* What you have to do *
Among the lines below, a stretch begins at the one with "National Rural Letter" and ends at the one with "Pin Von Meade". Repeat that stretch exactly, ends included.

Saved data entries
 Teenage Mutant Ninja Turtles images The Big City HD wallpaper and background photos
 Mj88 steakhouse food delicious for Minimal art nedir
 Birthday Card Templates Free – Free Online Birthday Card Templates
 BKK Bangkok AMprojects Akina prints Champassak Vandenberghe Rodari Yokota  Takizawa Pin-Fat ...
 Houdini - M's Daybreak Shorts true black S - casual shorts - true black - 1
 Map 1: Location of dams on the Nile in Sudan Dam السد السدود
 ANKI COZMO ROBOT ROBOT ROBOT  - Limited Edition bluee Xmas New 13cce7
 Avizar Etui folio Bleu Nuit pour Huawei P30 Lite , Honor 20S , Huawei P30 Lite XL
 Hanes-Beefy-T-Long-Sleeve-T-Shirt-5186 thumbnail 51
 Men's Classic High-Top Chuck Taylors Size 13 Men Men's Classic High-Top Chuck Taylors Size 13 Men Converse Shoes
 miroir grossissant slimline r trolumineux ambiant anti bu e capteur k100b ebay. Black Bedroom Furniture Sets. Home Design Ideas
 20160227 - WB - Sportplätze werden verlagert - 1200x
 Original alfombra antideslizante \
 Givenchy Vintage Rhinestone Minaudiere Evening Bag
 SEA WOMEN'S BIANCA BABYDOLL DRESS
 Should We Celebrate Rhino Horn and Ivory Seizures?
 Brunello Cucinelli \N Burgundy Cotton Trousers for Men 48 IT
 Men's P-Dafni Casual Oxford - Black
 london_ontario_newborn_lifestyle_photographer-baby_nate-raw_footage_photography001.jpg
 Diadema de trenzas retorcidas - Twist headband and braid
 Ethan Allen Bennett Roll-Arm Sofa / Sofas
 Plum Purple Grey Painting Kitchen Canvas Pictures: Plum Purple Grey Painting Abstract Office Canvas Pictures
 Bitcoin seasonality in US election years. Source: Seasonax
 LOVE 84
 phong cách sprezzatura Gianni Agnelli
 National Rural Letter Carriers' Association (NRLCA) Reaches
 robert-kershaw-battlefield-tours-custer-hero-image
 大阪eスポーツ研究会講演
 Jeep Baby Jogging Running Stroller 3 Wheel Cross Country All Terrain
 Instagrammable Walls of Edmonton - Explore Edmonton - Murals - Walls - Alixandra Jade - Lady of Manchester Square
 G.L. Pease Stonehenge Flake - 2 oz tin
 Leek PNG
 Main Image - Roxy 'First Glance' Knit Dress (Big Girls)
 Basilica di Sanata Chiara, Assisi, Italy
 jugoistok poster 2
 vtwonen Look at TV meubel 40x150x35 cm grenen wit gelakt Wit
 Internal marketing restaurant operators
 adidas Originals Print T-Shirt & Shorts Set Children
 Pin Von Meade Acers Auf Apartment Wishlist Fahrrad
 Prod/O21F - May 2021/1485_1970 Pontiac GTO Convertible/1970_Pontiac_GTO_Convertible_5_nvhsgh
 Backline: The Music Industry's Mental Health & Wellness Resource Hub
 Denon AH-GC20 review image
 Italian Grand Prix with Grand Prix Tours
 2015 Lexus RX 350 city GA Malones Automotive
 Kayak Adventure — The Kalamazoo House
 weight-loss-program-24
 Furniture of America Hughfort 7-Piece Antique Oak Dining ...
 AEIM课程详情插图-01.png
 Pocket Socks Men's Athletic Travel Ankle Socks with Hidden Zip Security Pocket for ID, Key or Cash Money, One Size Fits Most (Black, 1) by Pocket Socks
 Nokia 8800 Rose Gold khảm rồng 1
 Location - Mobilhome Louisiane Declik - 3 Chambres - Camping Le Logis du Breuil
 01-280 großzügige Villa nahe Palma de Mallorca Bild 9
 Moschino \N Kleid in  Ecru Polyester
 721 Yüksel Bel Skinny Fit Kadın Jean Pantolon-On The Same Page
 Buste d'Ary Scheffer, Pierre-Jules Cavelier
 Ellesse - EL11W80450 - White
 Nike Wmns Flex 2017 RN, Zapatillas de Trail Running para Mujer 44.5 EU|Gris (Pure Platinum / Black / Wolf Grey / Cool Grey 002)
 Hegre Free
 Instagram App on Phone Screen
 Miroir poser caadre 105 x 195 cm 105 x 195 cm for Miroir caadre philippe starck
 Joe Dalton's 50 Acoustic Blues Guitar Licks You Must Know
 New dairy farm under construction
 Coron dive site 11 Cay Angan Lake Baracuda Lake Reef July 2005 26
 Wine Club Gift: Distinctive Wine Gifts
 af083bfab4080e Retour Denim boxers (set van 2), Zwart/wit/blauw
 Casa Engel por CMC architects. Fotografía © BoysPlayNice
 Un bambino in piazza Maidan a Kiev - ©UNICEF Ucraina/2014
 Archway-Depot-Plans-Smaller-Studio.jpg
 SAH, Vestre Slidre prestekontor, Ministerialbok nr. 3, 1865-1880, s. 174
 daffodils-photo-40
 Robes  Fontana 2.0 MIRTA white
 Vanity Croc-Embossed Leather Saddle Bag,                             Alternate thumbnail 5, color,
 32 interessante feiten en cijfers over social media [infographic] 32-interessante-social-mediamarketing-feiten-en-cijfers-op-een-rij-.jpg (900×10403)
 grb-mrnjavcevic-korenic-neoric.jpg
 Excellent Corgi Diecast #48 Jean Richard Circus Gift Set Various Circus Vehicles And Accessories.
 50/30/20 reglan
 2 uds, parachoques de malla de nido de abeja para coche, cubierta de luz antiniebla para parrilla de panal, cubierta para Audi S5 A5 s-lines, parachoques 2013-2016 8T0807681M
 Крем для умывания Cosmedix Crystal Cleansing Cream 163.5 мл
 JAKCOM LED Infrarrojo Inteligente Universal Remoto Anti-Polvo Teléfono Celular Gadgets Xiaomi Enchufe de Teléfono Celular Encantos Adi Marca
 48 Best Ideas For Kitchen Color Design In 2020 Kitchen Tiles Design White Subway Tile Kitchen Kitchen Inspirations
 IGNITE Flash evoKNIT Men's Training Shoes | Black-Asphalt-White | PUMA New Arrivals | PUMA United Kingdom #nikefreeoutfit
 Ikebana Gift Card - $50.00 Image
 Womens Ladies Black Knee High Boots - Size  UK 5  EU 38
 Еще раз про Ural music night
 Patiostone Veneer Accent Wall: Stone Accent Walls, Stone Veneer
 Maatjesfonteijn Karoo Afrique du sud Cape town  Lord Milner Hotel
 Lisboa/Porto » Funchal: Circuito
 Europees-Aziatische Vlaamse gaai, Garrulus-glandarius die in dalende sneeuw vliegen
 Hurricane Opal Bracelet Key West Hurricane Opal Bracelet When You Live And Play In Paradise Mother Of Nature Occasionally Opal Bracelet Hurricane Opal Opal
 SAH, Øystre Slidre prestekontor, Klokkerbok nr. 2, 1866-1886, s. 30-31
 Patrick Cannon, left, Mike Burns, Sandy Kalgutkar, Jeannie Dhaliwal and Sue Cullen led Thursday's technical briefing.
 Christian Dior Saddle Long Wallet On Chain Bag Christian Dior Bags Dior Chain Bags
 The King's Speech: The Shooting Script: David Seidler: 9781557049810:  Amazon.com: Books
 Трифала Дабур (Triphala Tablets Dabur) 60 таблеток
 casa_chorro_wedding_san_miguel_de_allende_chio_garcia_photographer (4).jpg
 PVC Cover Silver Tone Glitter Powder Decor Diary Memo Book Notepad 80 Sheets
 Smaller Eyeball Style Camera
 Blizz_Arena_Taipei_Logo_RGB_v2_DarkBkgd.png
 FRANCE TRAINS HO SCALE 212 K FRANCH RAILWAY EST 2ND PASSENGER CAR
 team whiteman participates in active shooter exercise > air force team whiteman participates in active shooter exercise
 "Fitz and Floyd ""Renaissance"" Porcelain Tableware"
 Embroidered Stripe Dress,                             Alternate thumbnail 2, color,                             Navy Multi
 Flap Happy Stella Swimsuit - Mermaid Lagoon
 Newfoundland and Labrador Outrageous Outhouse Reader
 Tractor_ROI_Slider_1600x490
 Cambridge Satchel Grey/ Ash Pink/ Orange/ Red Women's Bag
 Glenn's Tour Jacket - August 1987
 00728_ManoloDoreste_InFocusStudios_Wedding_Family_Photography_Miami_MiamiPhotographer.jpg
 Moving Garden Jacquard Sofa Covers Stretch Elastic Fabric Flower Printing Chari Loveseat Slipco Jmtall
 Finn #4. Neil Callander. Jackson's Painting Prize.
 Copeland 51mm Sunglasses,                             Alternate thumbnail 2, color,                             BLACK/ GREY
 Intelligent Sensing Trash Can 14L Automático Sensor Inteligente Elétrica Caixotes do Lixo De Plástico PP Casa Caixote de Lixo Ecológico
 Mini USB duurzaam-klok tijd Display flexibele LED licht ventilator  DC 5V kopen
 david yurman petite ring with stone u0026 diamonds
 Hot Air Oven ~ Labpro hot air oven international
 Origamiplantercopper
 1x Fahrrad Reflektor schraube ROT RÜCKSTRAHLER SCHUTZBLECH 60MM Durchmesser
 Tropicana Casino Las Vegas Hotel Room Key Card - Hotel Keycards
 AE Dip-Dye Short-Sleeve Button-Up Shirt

* Answer to this task *
 National Rural Letter Carriers' Association (NRLCA) Reaches
 robert-kershaw-battlefield-tours-custer-hero-image
 大阪eスポーツ研究会講演
 Jeep Baby Jogging Running Stroller 3 Wheel Cross Country All Terrain
 Instagrammable Walls of Edmonton - Explore Edmonton - Murals - Walls - Alixandra Jade - Lady of Manchester Square
 G.L. Pease Stonehenge Flake - 2 oz tin
 Leek PNG
 Main Image - Roxy 'First Glance' Knit Dress (Big Girls)
 Basilica di Sanata Chiara, Assisi, Italy
 jugoistok poster 2
 vtwonen Look at TV meubel 40x150x35 cm grenen wit gelakt Wit
 Internal marketing restaurant operators
 adidas Originals Print T-Shirt & Shorts Set Children
 Pin Von Meade Acers Auf Apartment Wishlist Fahrrad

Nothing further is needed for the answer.